For fun I'm making a language that's a superset of Lox and Monkey, the language from the book by Thorsten Ball.

> The end product will be useless for others

I like your honesty!

Well, it looks like you've got something working so you've accomplished your goal, where do you feel you are falling short?

Also there are a ton of good tutorials out there I assume, have you not found any? (not checked as I don't need them, but it's the interweb so...)

Might not be exactly what you want but the pay-what-you-can (free to read) online book Beautiful Racket[0] is an amazing resource for learning how to build languages.
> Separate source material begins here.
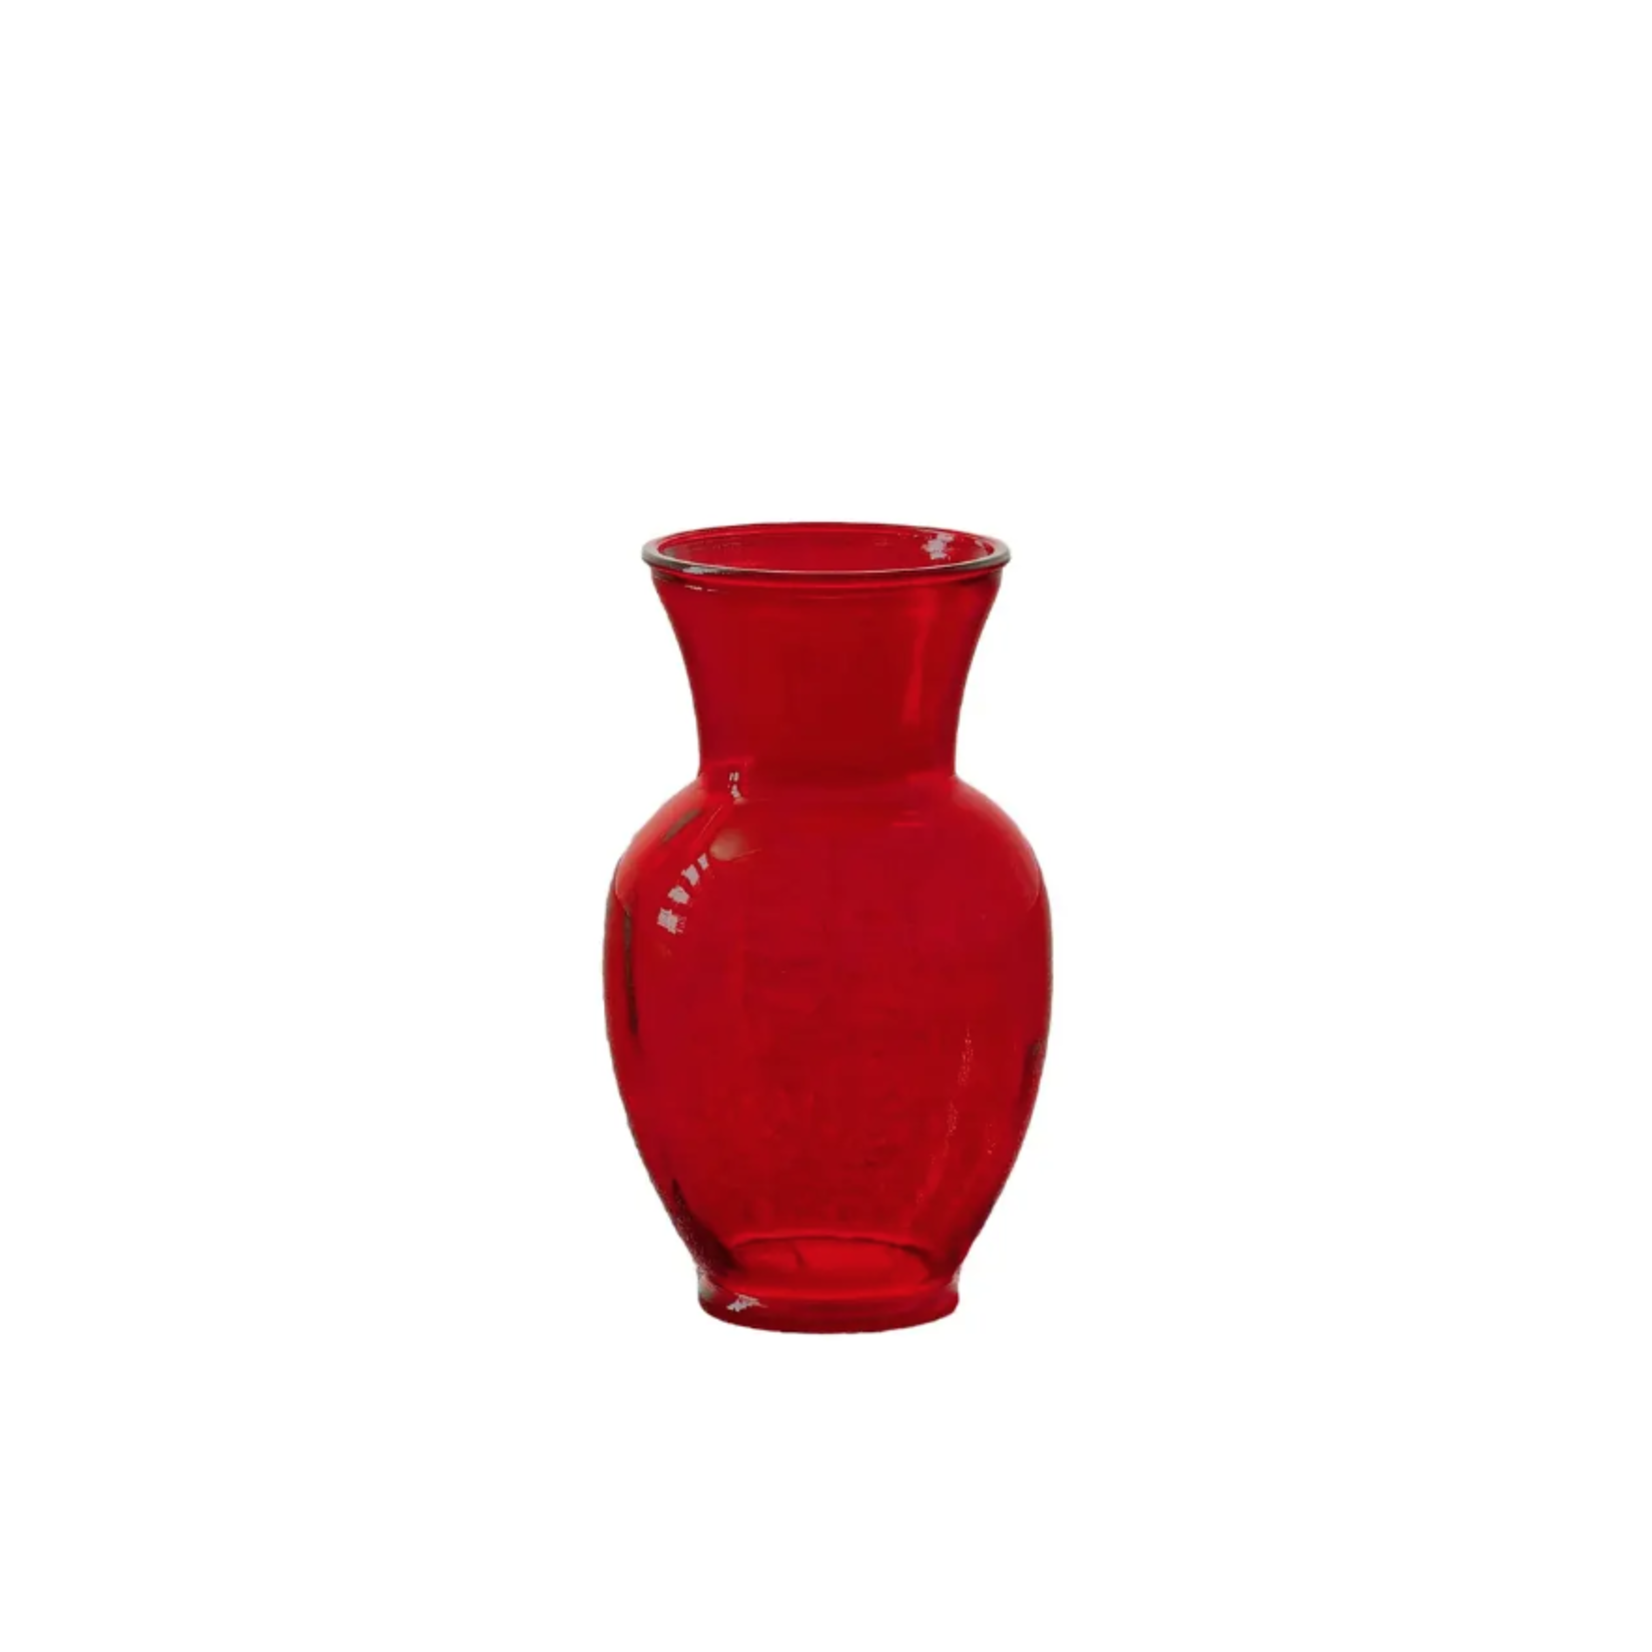 50% OFF WAS $7 NOW $3.49. 8.75”H X 5.5” RED RUBY GLASS CLASSIC URN GINGER VASE

In the words of Alan Kay, "Lisp isn't a language, it's a building material".

The last project is implementing an extended version of BASIC that supports interop with Racket, so as imperative as it gets.

[0] https://beautifulracket.com/

> The last project is implementing an extended version of BASIC

Thanks! This sounds very interesting! Cheers!

Always cool to see people experimenting with languages! I'm doing a similar thing with wheel-lang [0], which started as pretty purely imperative, but is starting to grow some object-oriented features.

Nystrom's Crafting Interpreters is a great resource; I've also liked Compiling to Assembly From Scratch [1] and Write You a Haskell [2].

[0] https://github.com/DylanSp/wheel-lang/

[1] https://keleshev.com/compiling-to-assembly-from-scratch/

[2] http://dev.stephendiehl.com/fun/

Cool! And I hope as well learn a lot (from building wheel-lang)! Thanks for the links!